Le attività durante tutto l’anno includono una gestione fitosanitaria preventiva guidata da un attento monitoraggio degli oliveti e dai principi dell’intervento minimo.
“La nostra attenzione è rivolta alla prevenzione e al monitoraggio costante”, hanno affermato i Musas. “Utilizziamo i metodi più naturali possibili e un intervento minimo, nel rispetto della biodiversità locale”.
La maggior parte dei frutteti dell’azienda agricola si affida principalmente alle precipitazioni naturali, con l’irrigazione controllata utilizzata solo durante i periodi particolarmente secchi, una scelta che, secondo l’azienda, ha lo scopo di preservare “l’equilibrio ecologico del territorio”.
Nel corso del tempo sono state aggiunte nuove piantagioni e sistemi agricoli aggiornati per migliorare la coerenza e la sostenibilità a lungo termine.
I tempi di raccolta di Musai sono guidati dall’analisi della maturazione e dall’accumulo di contenuto fenolico.
"È essenziale prestare la massima attenzione durante la raccolta perché la qualità dell'olio d'oliva inizia nel momento esatto in cui l'oliva viene staccata dall'albero", hanno affermato i Musas.
Il frantoio dell’azienda, dotato di tecnologia Alfa Laval e con una capacità di 1.000 chilogrammi all’ora, produce circa 100 tonnellate di olio ogni stagione.
Come i produttori di tutto il Mediterraneo, l'azienda ha affermato che il cambiamento climatico sta diventando un fattore sempre più significativo nella pianificazione della produzione.
Temperature estreme, siccità prolungata e condizioni stagionali imprevedibili influenzano sia le rese che il ciclo di sviluppo naturale degli olivi, richiedendo continui adeguamenti nella gestione agronomica.

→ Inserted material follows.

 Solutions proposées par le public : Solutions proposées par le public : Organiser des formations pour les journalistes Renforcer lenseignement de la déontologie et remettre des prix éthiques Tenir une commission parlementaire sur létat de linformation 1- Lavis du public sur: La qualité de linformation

"Ciò richiede un monitoraggio più attento e un continuo adattamento nella gestione agronomica", ha affermato l'azienda.
Nonostante queste pressioni, Musai ritiene che il crescente interesse internazionale per le cultivar autoctone e i terroir mediterranei meno conosciuti stia creando nuove opportunità per i produttori albanesi nei mercati di esportazione.
"L'olio d'oliva albanese sta riscuotendo un'attenzione internazionale sempre maggiore", ha affermato Musai. "I consumatori e gli esperti stanno scoprendo il potenziale delle nostre varietà autoctone e l'autenticità del terroir albanese".
Per Musai, il Gold Award del NYIOOC rappresenta sia una conferma del modello produttivo dell’azienda sia un’opportunità per accelerare tale processo, dato che cresce la domanda di oli d’oliva distintivi, legati all’origine e con una chiara identità regionale.
"Credo che nei prossimi anni l'Albania avrà un ruolo molto più importante nel panorama mondiale dell'olio d'oliva di alta qualità", ha affermato l'azienda.
"La tradizione è la nostra identità, mentre l'innovazione è il modo in cui andiamo avanti", hanno aggiunto i Musa. "Preserviamo i metodi tradizionali e il rispetto per la terra, investendo continuamente in tecnologia moderna, standard di qualità e nuove conoscenze agronomiche".